U.S. courts and the National Labor Relations Board (NLRB) treat a general contractor as an employer if it exerts direct or indirect influence over the working conditions of subcontractor employees. If the general contractor is involved in setting work hours, issuing job instructions, or managing workplace safety, it will be held jointly responsible in court alongside the subcontractor. Joint liability extends to all violations, including unpaid minimum wages, overtime, discrimination, and wrongful termination.
Union issues are even more sensitive. U.S. labor law gives unions strong bargaining rights. If subcontractor employees form a union, the general contractor cannot avoid the bargaining table. Claiming “that’s a subcontractor issue” carries no weight. As long as the general contractor retains authority to control working conditions, the NLRB recognizes it as a bargaining party.
Even more concerning is that Korean parent companies can also be drawn into U.S. lawsuits. If a class action is filed in the U.S., the Korean headquarters may also be summoned as a defendant. Moreover, Korea’s Yellow Envelope Act could be used as persuasive evidence in U.S. litigation to argue that parent companies should be held responsible.
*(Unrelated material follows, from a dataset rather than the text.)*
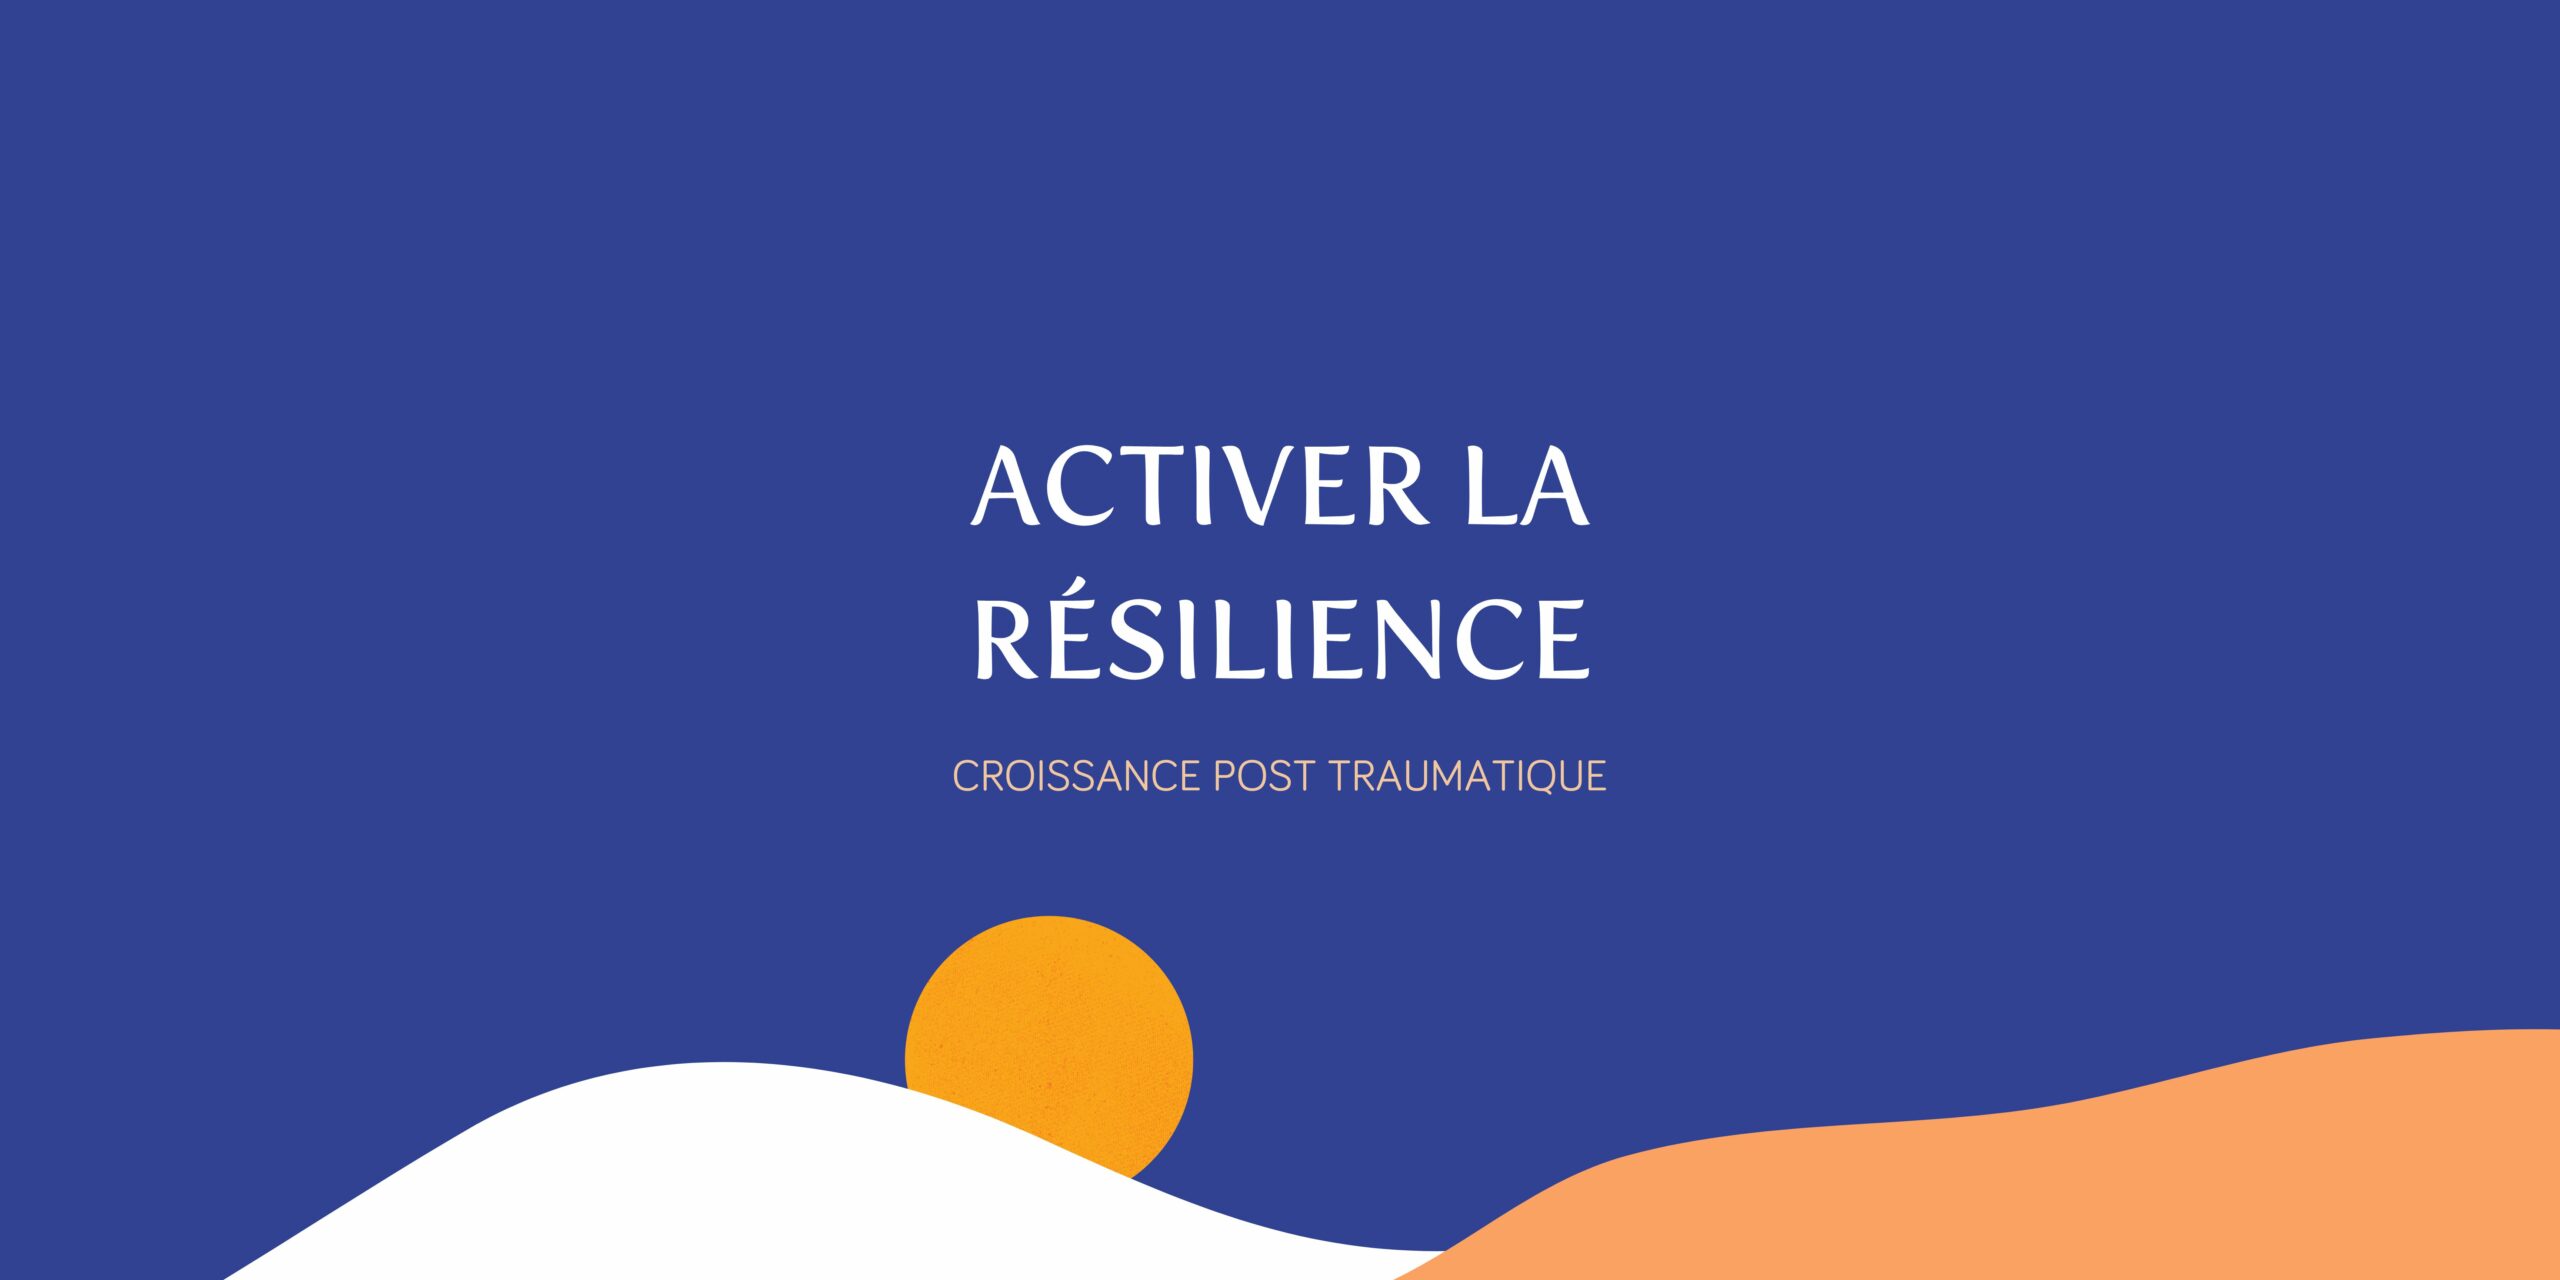 Bannière "Activer la résilience", du stress post traumatique à la croissance post traumatique
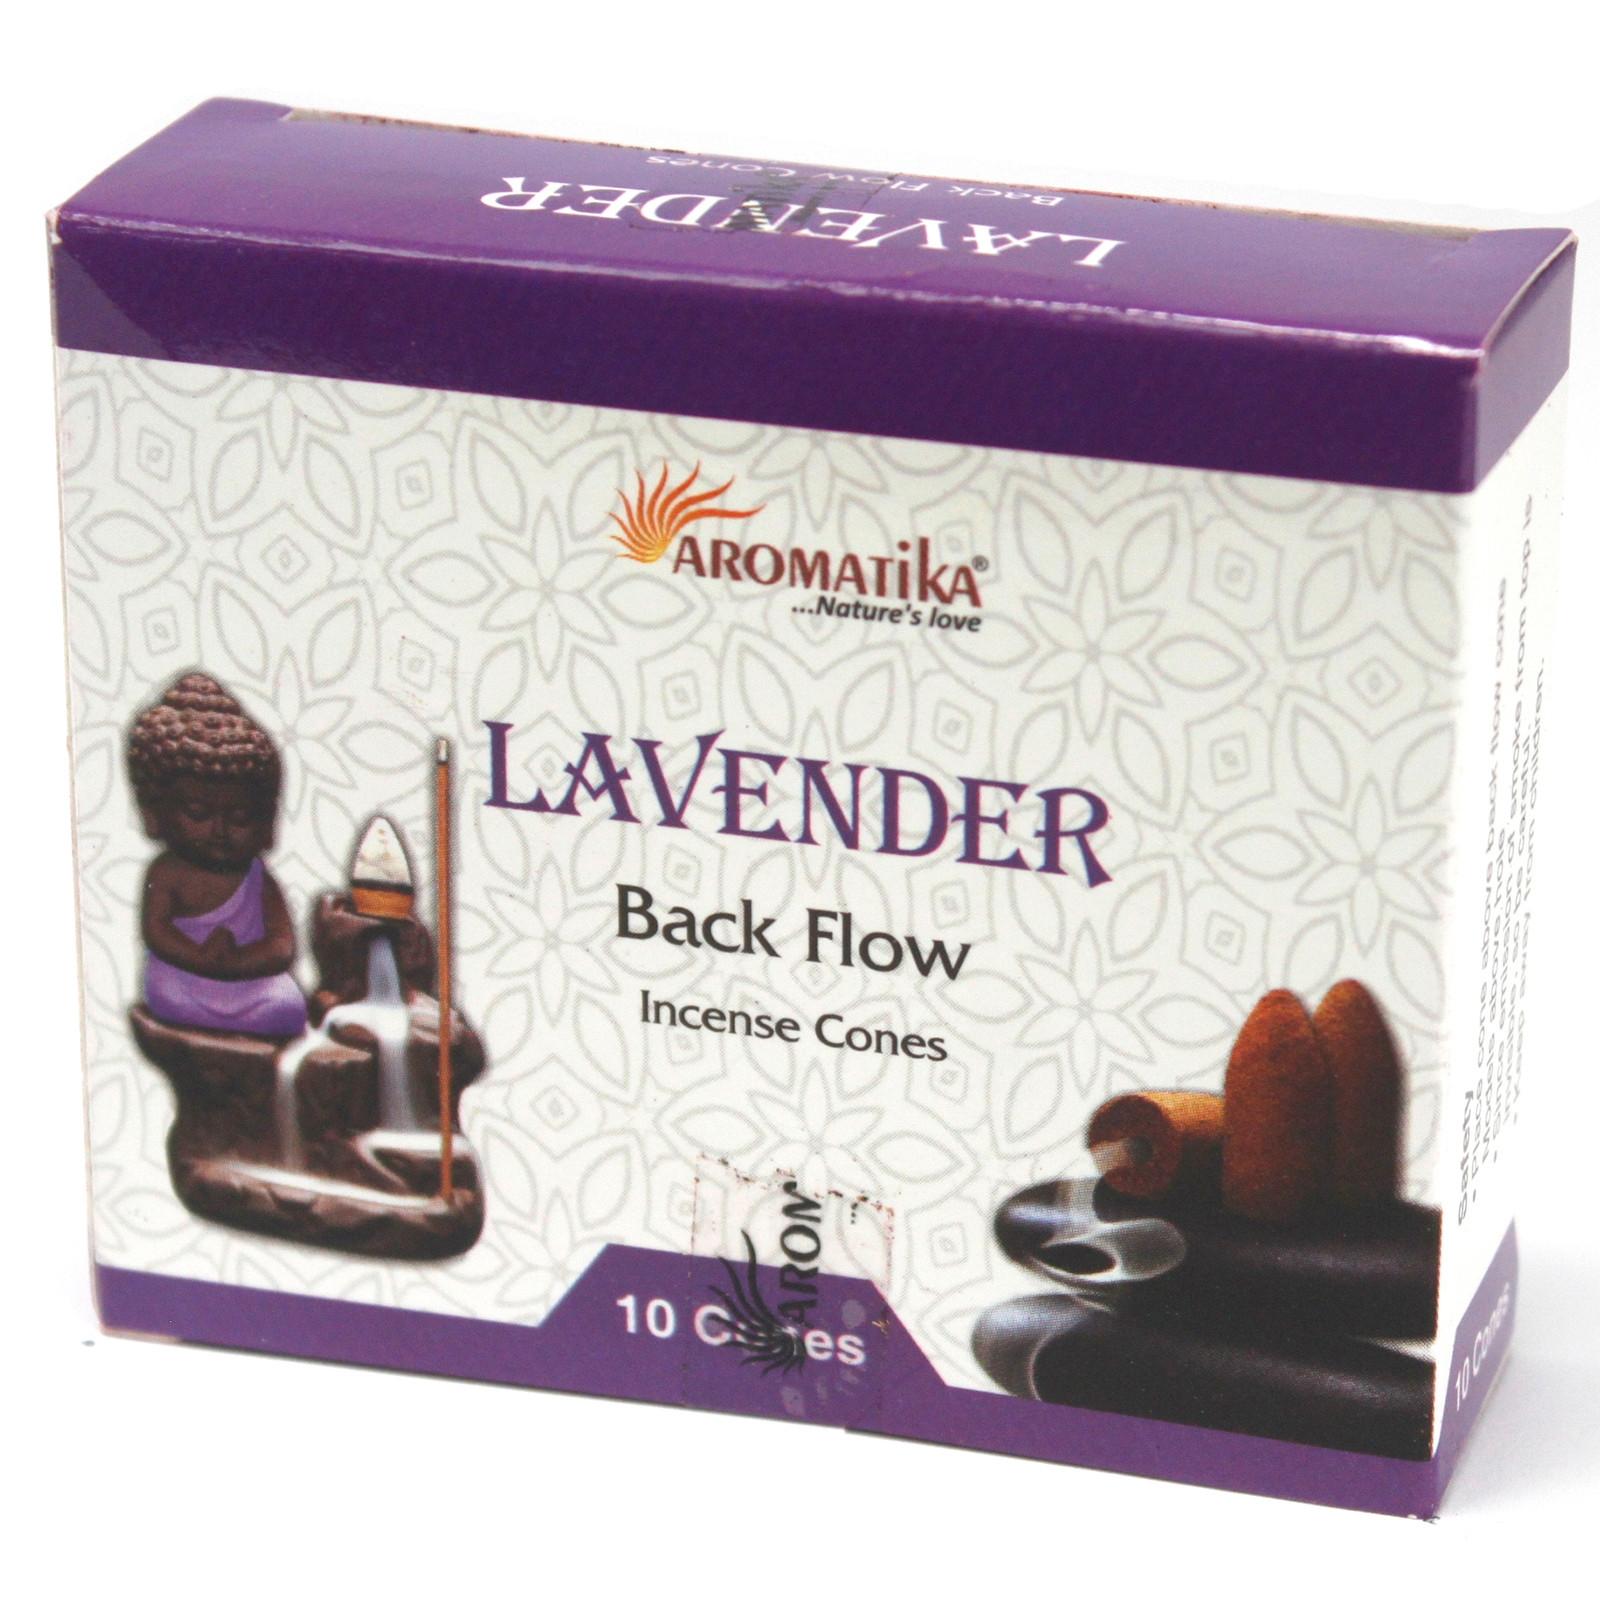 Aromatica Lavender Backflow Incense Cones

The reasoning would be: “If Korea itself recognizes general contractor liability, why should U.S. courts deny it?” This line of argument could gain real traction in American courts.
Korean companies must abandon the illusion that dividing responsibilities between general contractors and subcontractors reduces risk. In the U.S., joint employment does not dilute liability—it expands it. General contractors shoulder not only their own risks but also those of their subcontractors, exposing themselves to lawsuits, union demands, and reputational damage.
The solution for survival on the global stage is clear: not loopholes or structural tricks, but rigorous legal compliance and transparent labor-management relations. If a company exercises control over workers, it must also assume responsibility.
The message of Korea’s Yellow Envelope Act and America’s joint employment doctrine is simple: “The general contractor bears responsibility to the very end.”